Я не представляю, как смогла совершить оборот в зубах Горыныча, как он выпустил меня, а потом поймал. Я заливаю кровью его чешуйчатую спину.
Силы покидают меня, рука не слушается, я еле держусь на спине дракона, как и он еле держится в воздухе. Горыныч скользит, подбираясь к берегу и падает близко к кромке воды.
Ледяная вода перекатывается через спину Горыныча, накрывает меня, смывая кровь. Пламя умирает в моей груди. Тьма наползает.
Кажется, это уже было.
Оглушительно кричит Горыныч.

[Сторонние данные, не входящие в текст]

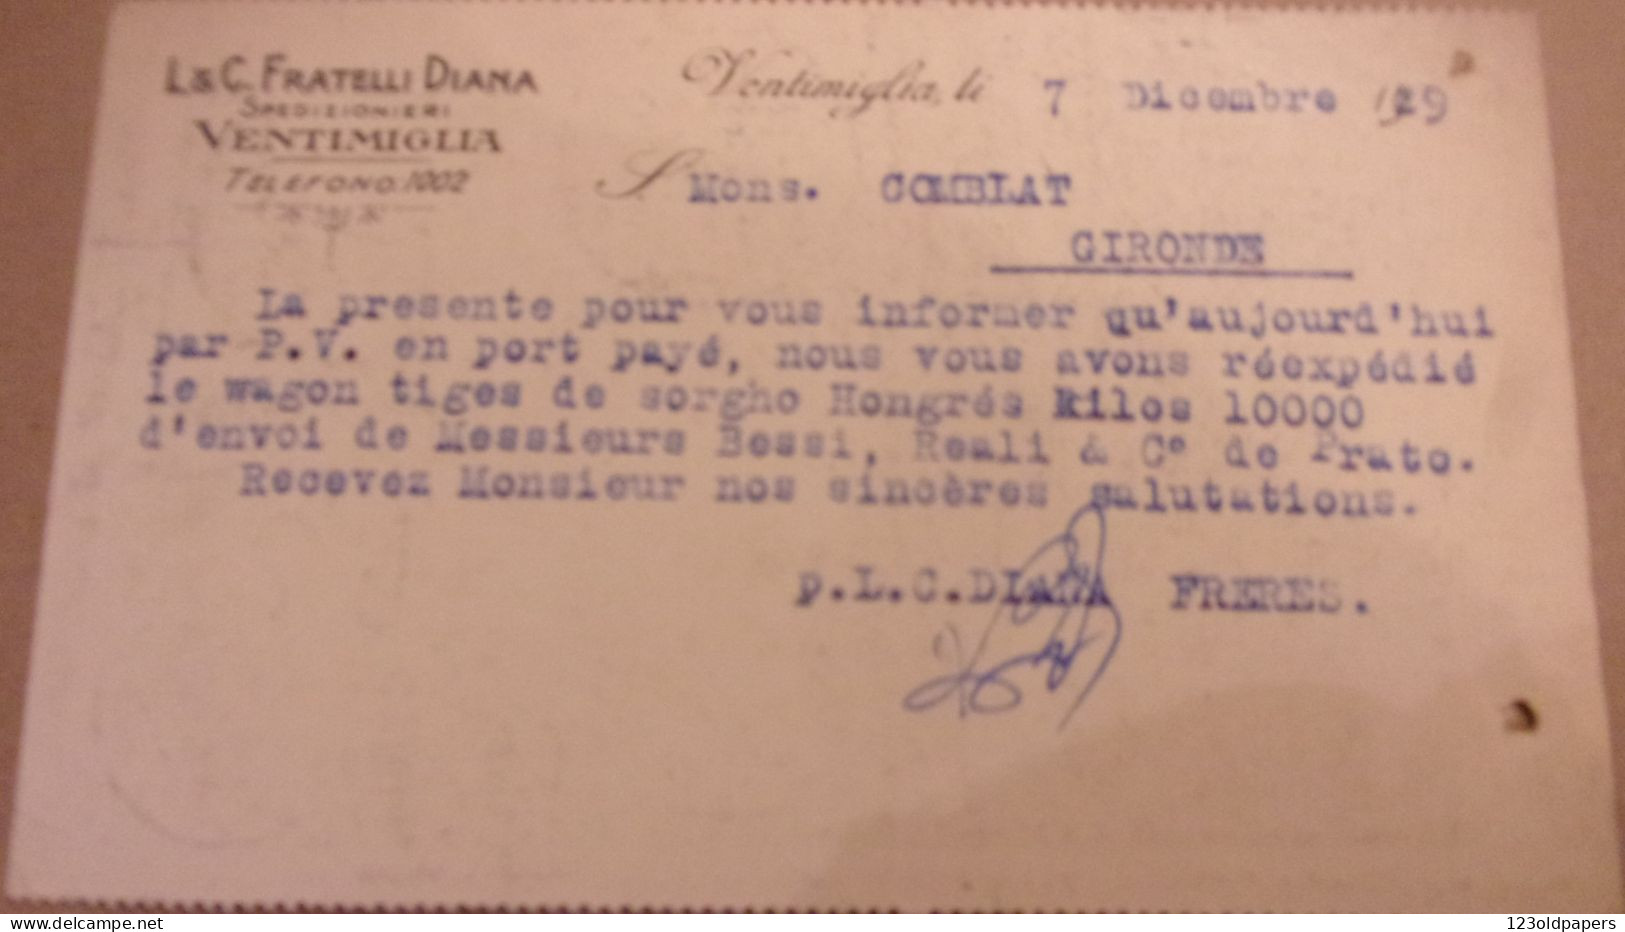 VENTIMIGLIA - IMPERIA - CARTOLINA COMMERCIALE "L.& C. FRATELLI DIANA" TRASPORTI INTERNAZIONALI - 1929 - Marcofilía

Я выныриваю из омута небытия, с трудом разлепляю глаза, хочу крикнуть, но из горла только хрип. На нас надвигается ядовито-зелёный Тор. Вытянув шею и распластав крылья, Горыныч закрывает меня от врага. Зелёный хвост рассекает воздух, выбивая камни из земли. Тор сильнее серебряного маломерки. В небе раздаётся такой оглушительный рёв, что у меня волосы становятся дыбом.
Сверху на Тора, как кара с небес, падает Стрела. Удар ужасающей силы сбивает Тора с ног, дикарка хватает его за гребень и волочет зелёного монстра к воде. На помощь приходит Горыныч, вместе они поднимают тушу Тора в воздух, тащат над водой и бросают в глубину.
Воронка закручивается в месте падения зеленухи. Края воронки смыкаются, вода затягивает рану, и озеро вновь становится невообразимо гладким.
Стуча зубами от холода, оглядываю небо.
Где Лара, Эрвин? Они же бились с Тором.
Почему так пусто?
Я беззвучно рыдаю, из глаз катятся слёзы. Я маленькая поливальная машина: льются не только слёзы, кровь течёт из порезов — я одна сплошная рана.
На берег приземляются Стрела и Горыныч. Мой серебристый друг ковыляет ко мне. Его шершавый язык скользит по моему иссечённому боку, по руке, по щеке, но слёзы и кровь не прекращаются. Серебристый маломерка отходит, шуршит в стороне, а потом кладёт мне на живот волшебные чёрные камешки. Я прижимаю Кеп и Мию к груди одной рукой, вторая горит от боли, перекатываюсь на здоровый бок и сжимаюсь в комок.
Горыныч «берёт меня под крыло».
Хочу забыться. Забыть про боль.
Краем ускользающего сознания слышу шум. Кто там? Надо выбираться из-под крыла. С ужасом осознаю, на мне нет даже лоскута одежды. Шуршит галька под чьими-то торопливыми шагами. Всё ближе и ближе. Горыныч молчит.
Свой?
В темноте под крылом дракона я полагаюсь только на слух.
Полоска света режет глаза, я жмурюсь.
— Соня! — голос Эрвина, как живительная вода для умирающего в пустыне, — ты вся в крови!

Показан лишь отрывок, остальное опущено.